Angesichts der turbokapitalistischen Zeiten, in denen wir leben, ist der Tag der Arbeit heute wichtiger denn je. Wir leben in einer Zeit, in der Arbeitnehmerinnen und Arbeitnehmer trotz einer Vollzeitstelle aufstocken gehen müssen.

aus dem Wortprotokoll

78. Sitzung
Aktuelle Stunde

Ich komme nun zur

lfd. Nr. 1:

Aktuelle Stunde

gemäß § 52 der Geschäftsordnung
des Abgeordnetenhauses von Berlin

„Myfest schafft Perspektive für einen friedlichen 1. Mai 2016 in Berlin“

(auf Antrag der Fraktion der CDU)

in Verbindung mit

lfd. Nr. 21:

Myfest 2016 ermöglichen

Antrag der Fraktion Bündnis 90/Die Grünen, der Fraktion Die Linke und der Piratenfraktion
Drucksache 17/2763

Ich habe den Antrag der Oppositionsfraktionen Drucksache 17/2763 vorab an den Ausschuss für Inneres, Sicherheit und Ordnung überwiesen und darf Ihre nachträgliche Zustimmung feststellen.

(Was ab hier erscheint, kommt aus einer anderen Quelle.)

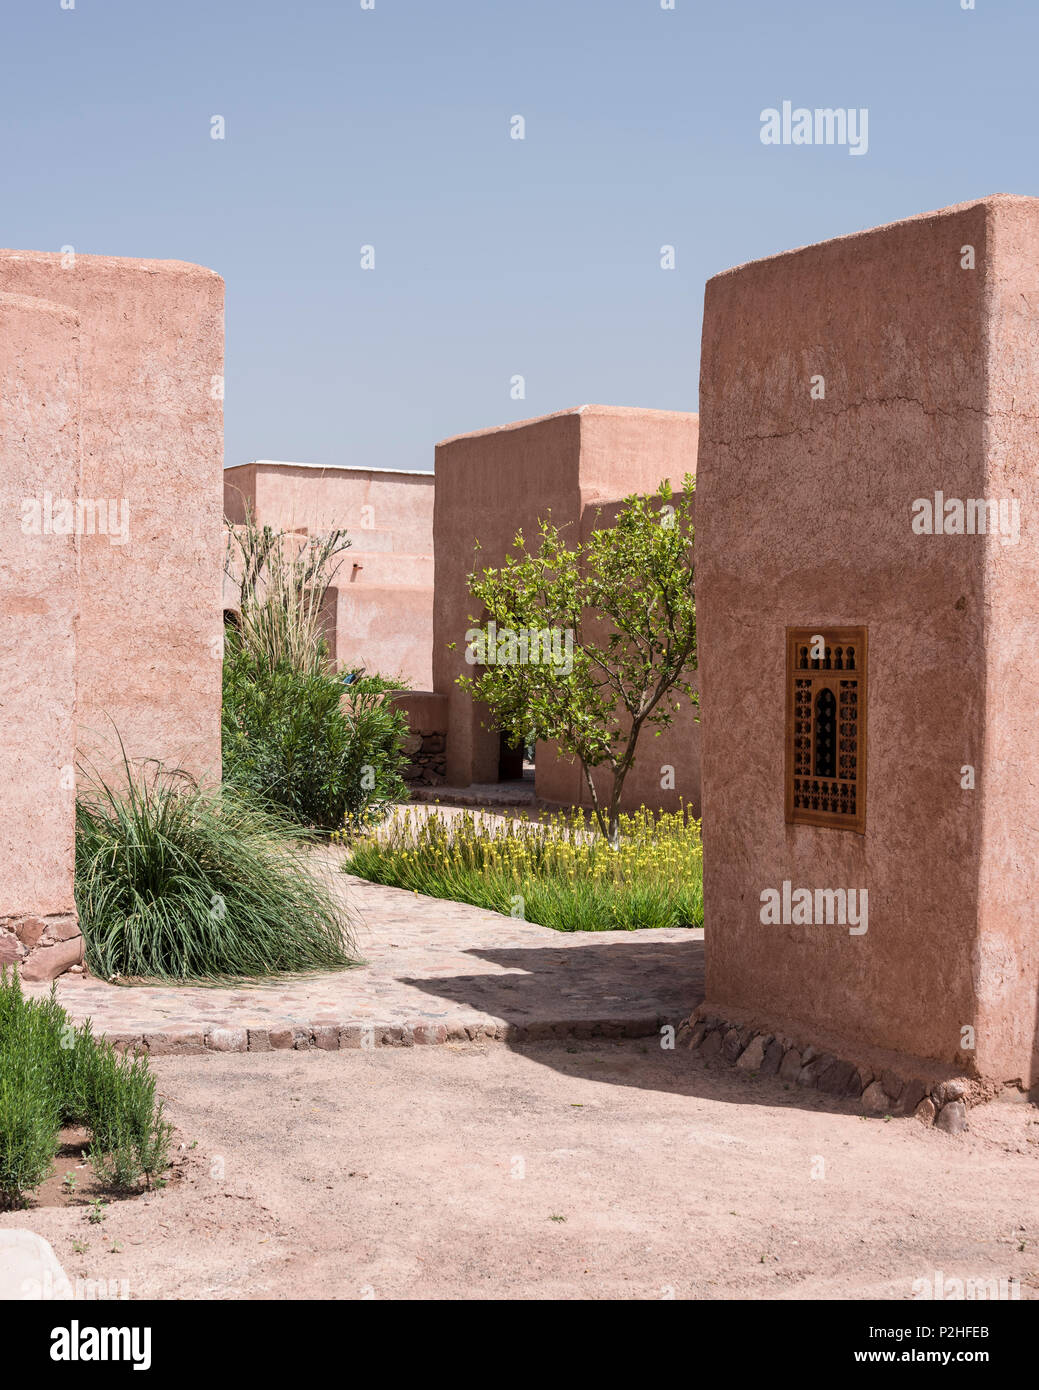 La façade extérieure de style Berbère adobe lodges avec cour intérieure de citronniers, bambous et plantes sauvages marocain Banque D'Images

Für die Besprechung der Aktuellen Stunde und die Beratung des Tagesordnungspunktes 21 steht den Fraktionen jeweils eine Redezeit von bis zu zehn Minuten zur Verfügung, die auf zwei Redebeiträge aufgeteilt werden kann.

Präsident Ralf Wieland:

Danke schön! – Für die Fraktion Die Linke hat jetzt der Kollege Taş das Wort – bitte schön!

Hakan Taş (LINKE):

Sehr geehrter Herr Präsident! Liebe Kolleginnen und Kollegen! Ich bin heute eigentlich davon ausgegangen, dass Herr Wansner über den 1. Mai redet. Dann wäre es ein bisschen Karneval, aber der Karnevalist scheint heute nicht da zu sein. Das ist vielleicht auch gut so.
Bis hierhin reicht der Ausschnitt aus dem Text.